======== Given material ========

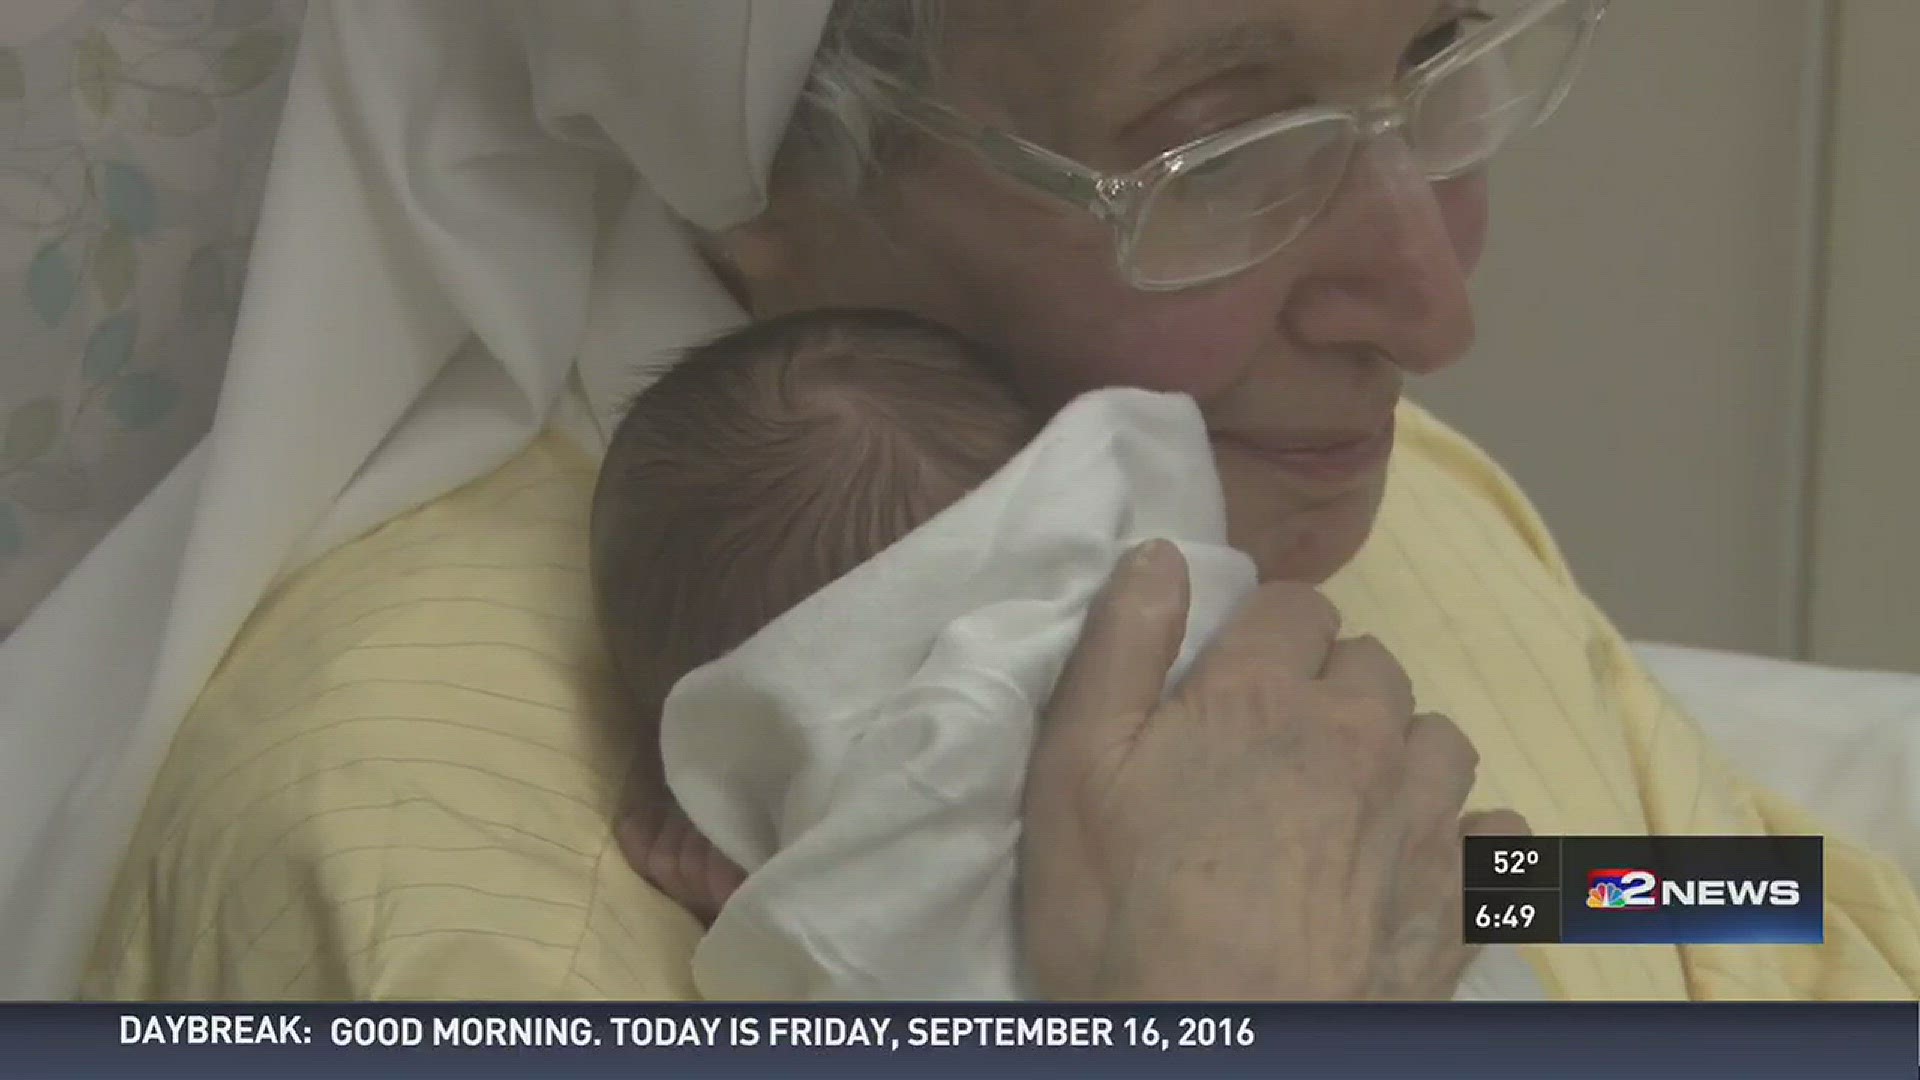 Baby Sister Crying Hd Videos - Meet 81-year-old Sister Francis, a NICU Baby Cuddler | 13newsnow.com
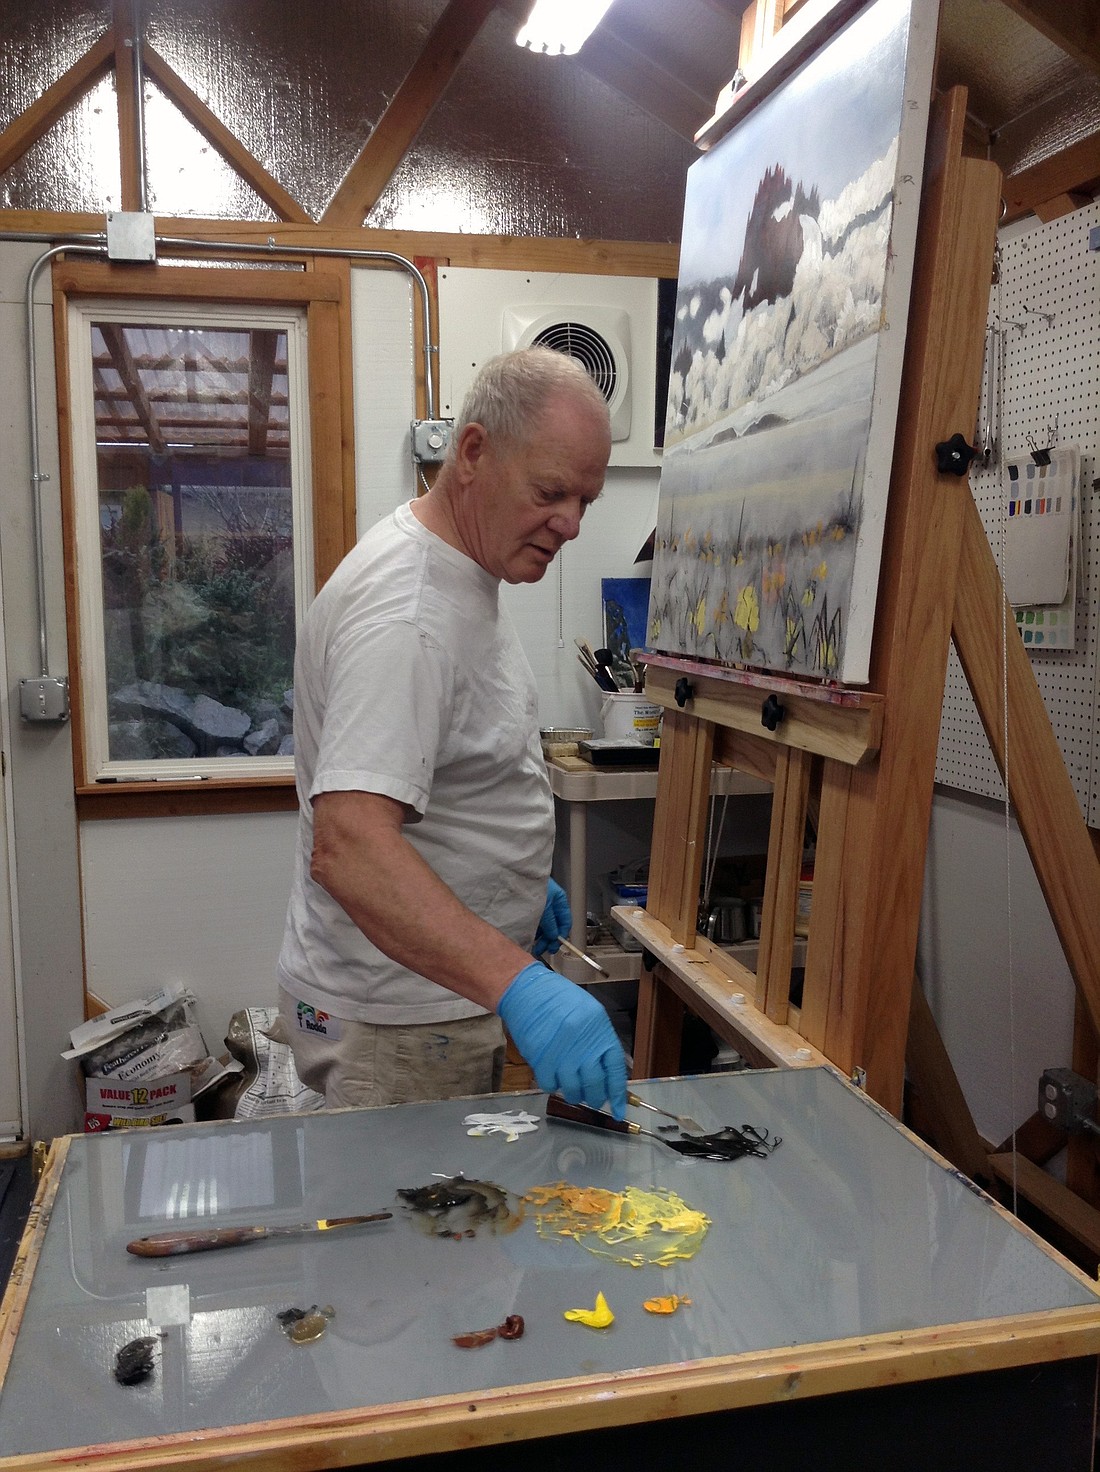 See Gene Jaress work on his limited-edition woodcut prints at his Mount Vernon studio during the 18th annual NW Art Beat Studio Tour taking place from 10 a.m. to 6 p.m. July 16–17 at locales throughout Skagit County. The free, self-guided tour is put on by Skagit Artists.
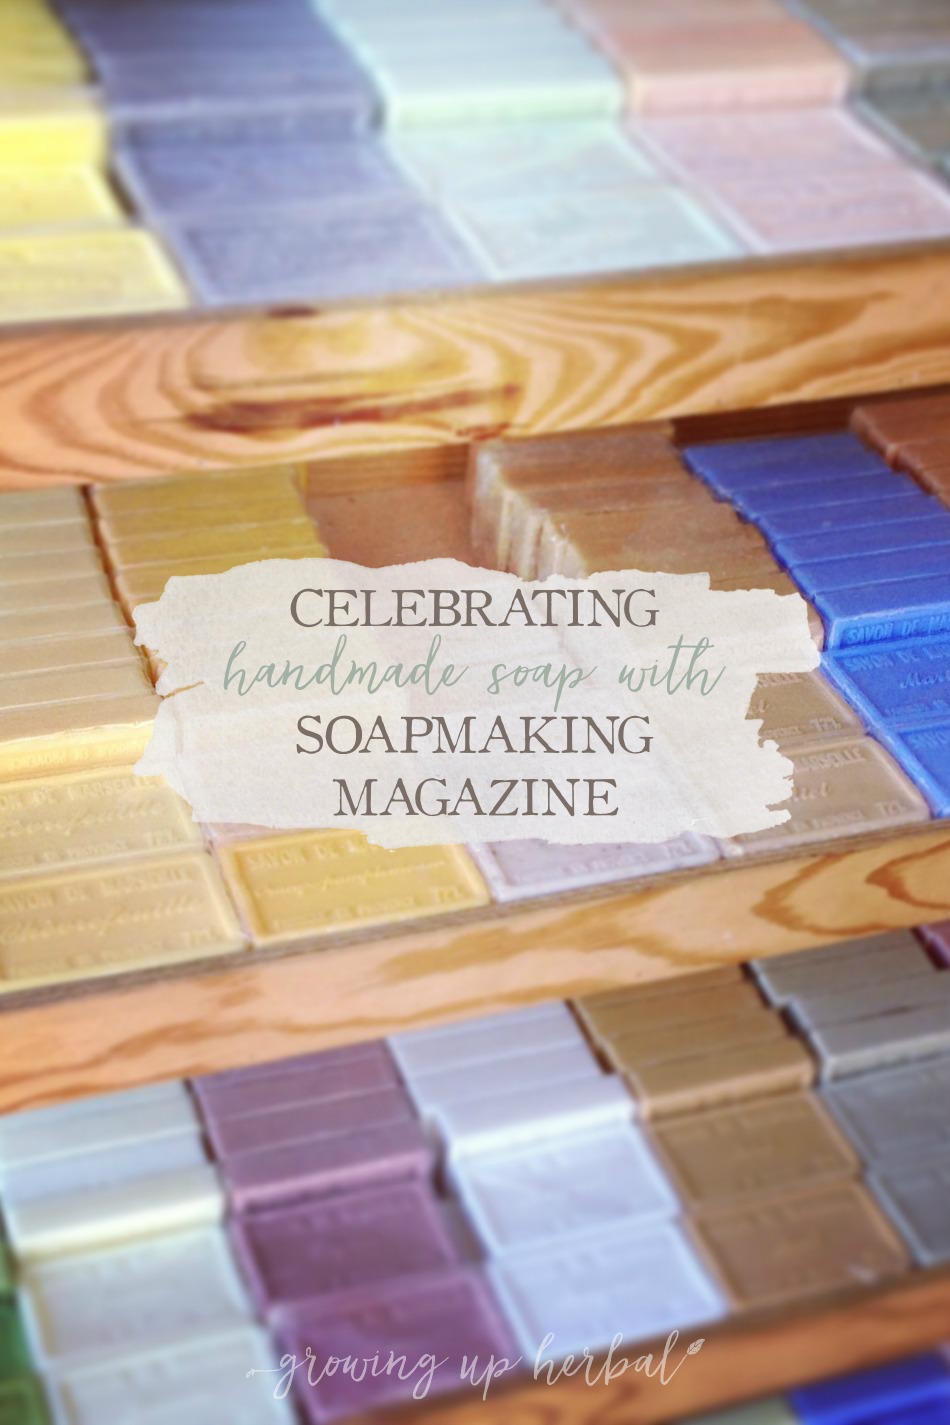 Celebrating Handmade Soap With Making Soap Magazine | Growing Up Herbal | Do you love handmade soap? This magazine is probably for you then!
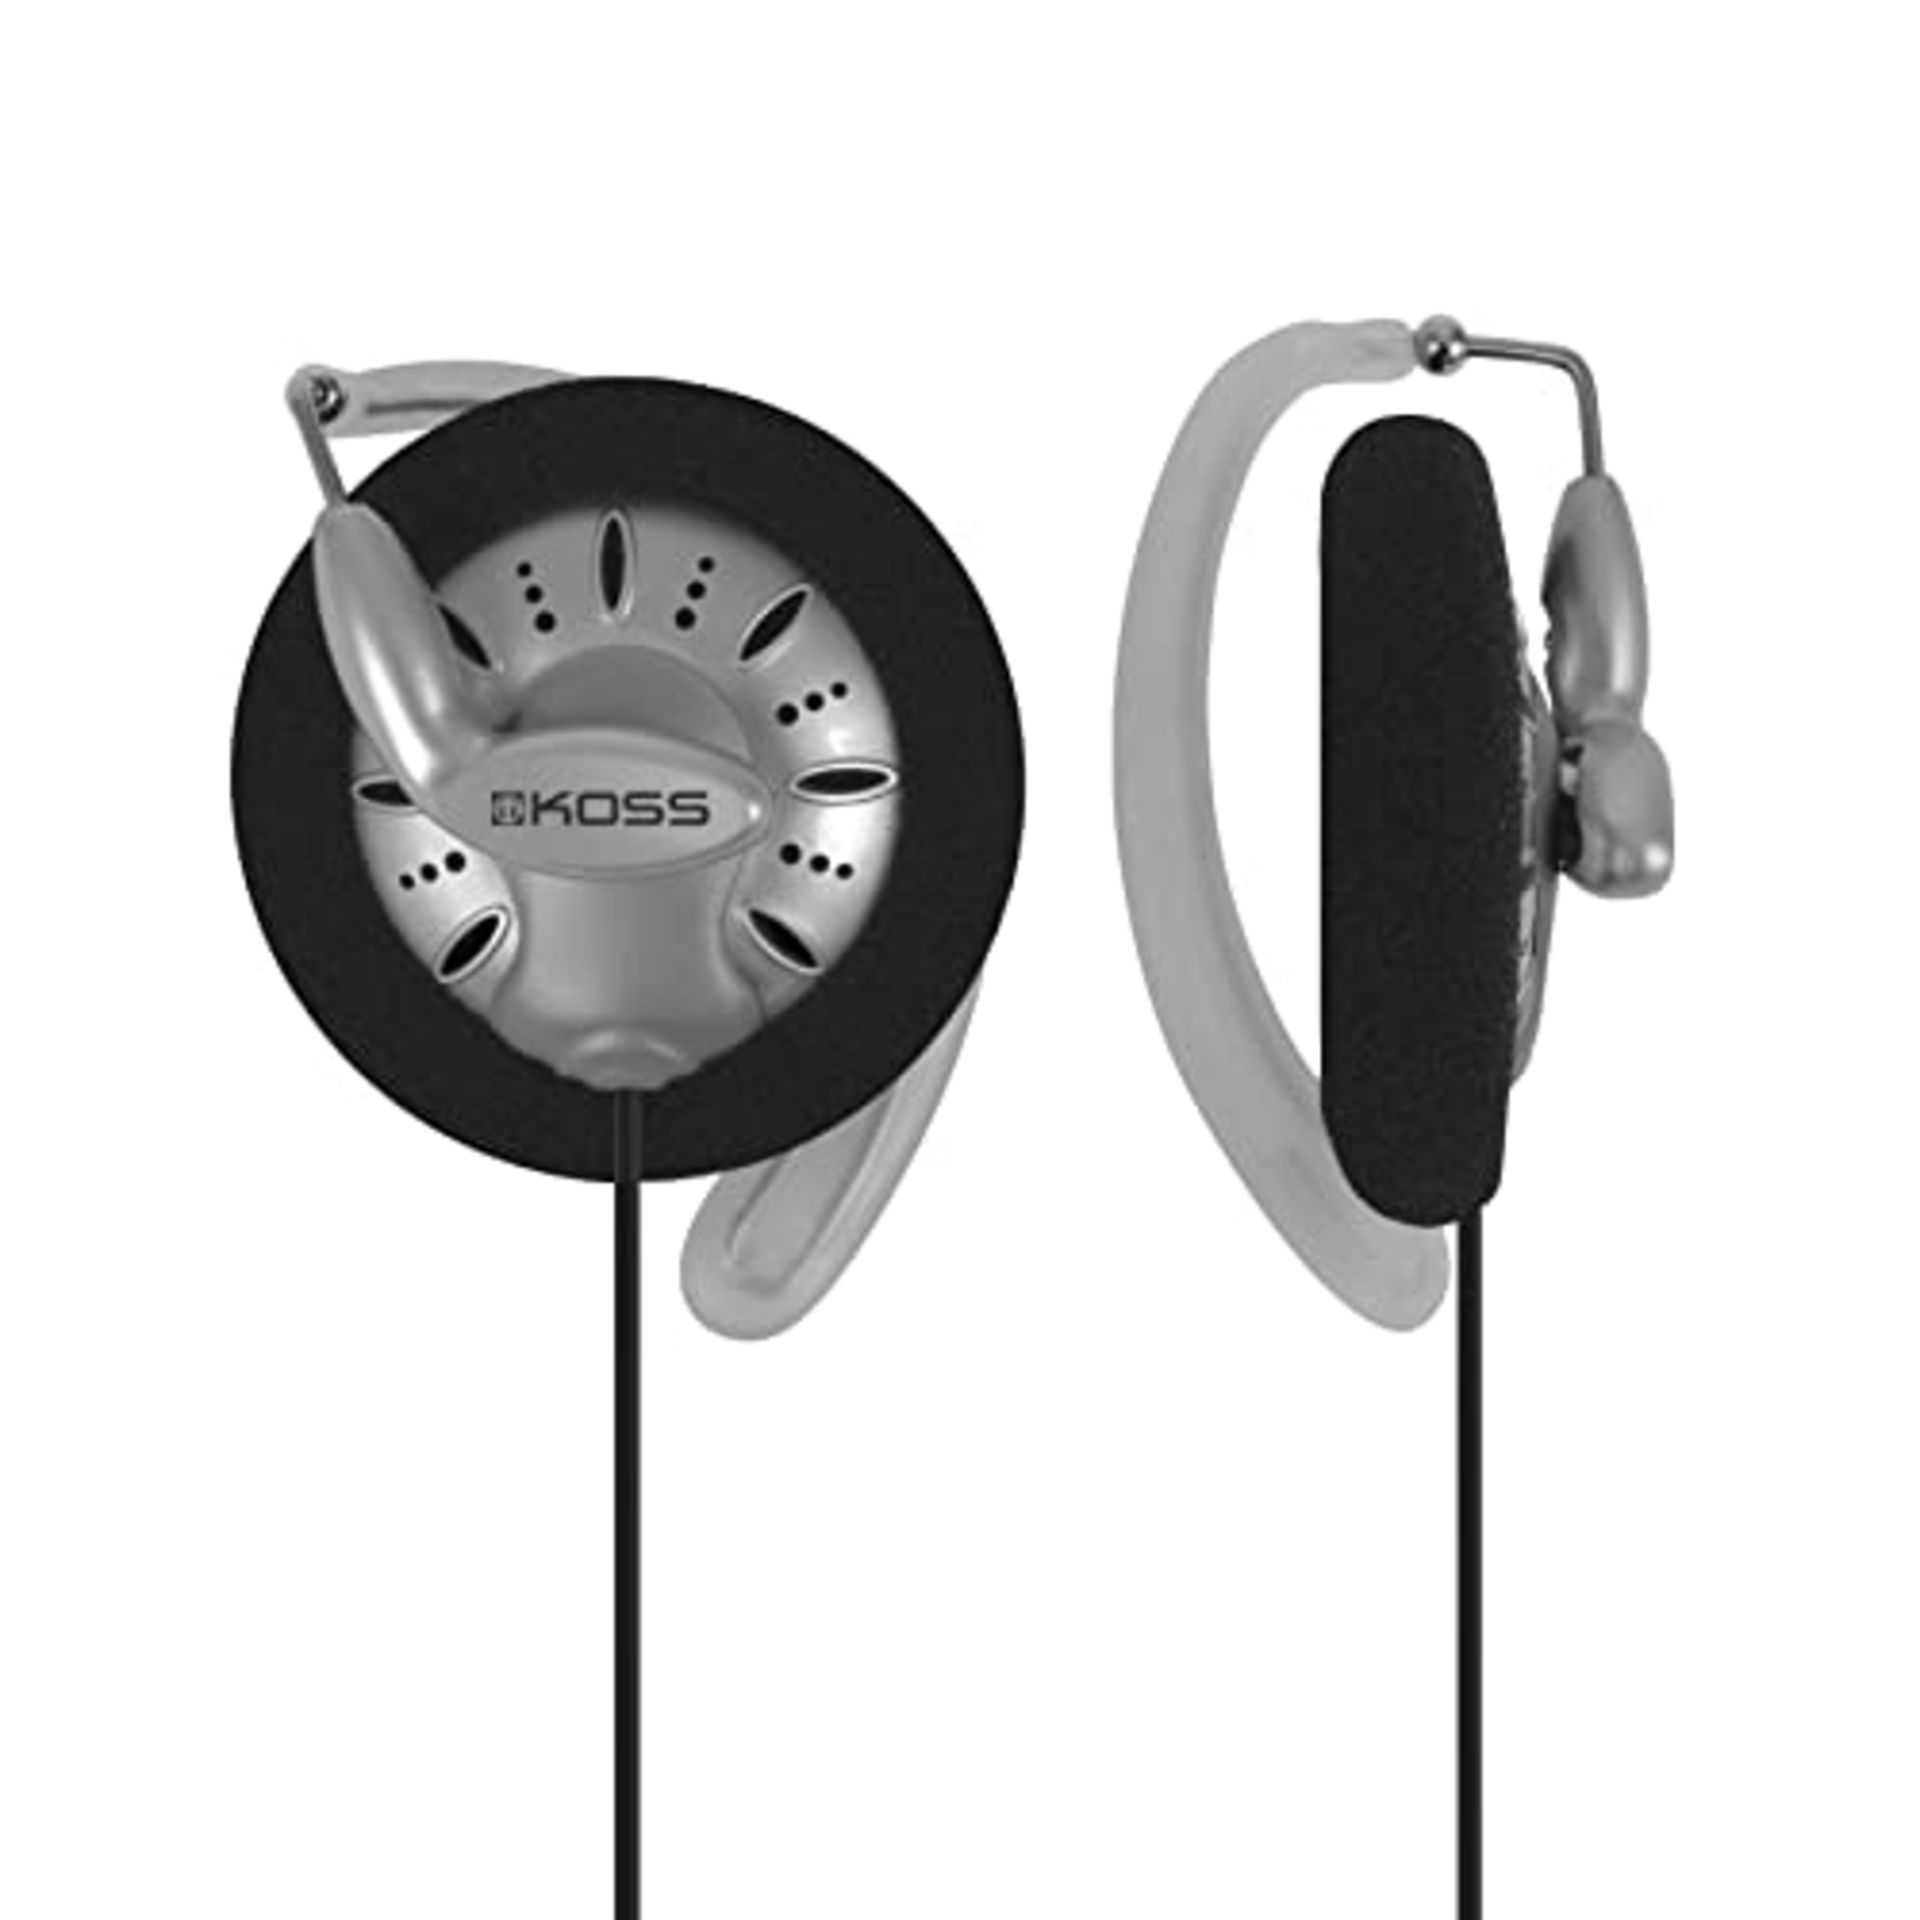 Koss KSC75 Clip-On Stereo Headphones for iPod, iPhone, MP3 and Smartphone - Black / Si

========

* What you will do: Would you please retype all the data exactly? Leave out whatever pictures it holds.

* Task response:
 Baby Sister Crying Hd Videos - Meet 81-year-old Sister Francis, a NICU Baby Cuddler | 13newsnow.com
 See Gene Jaress work on his limited-edition woodcut prints at his Mount Vernon studio during the 18th annual NW Art Beat Studio Tour taking place from 10 a.m. to 6 p.m. July 16–17 at locales throughout Skagit County. The free, self-guided tour is put on by Skagit Artists.
 Celebrating Handmade Soap With Making Soap Magazine | Growing Up Herbal | Do you love handmade soap? This magazine is probably for you then!
 Koss KSC75 Clip-On Stereo Headphones for iPod, iPhone, MP3 and Smartphone - Black / Si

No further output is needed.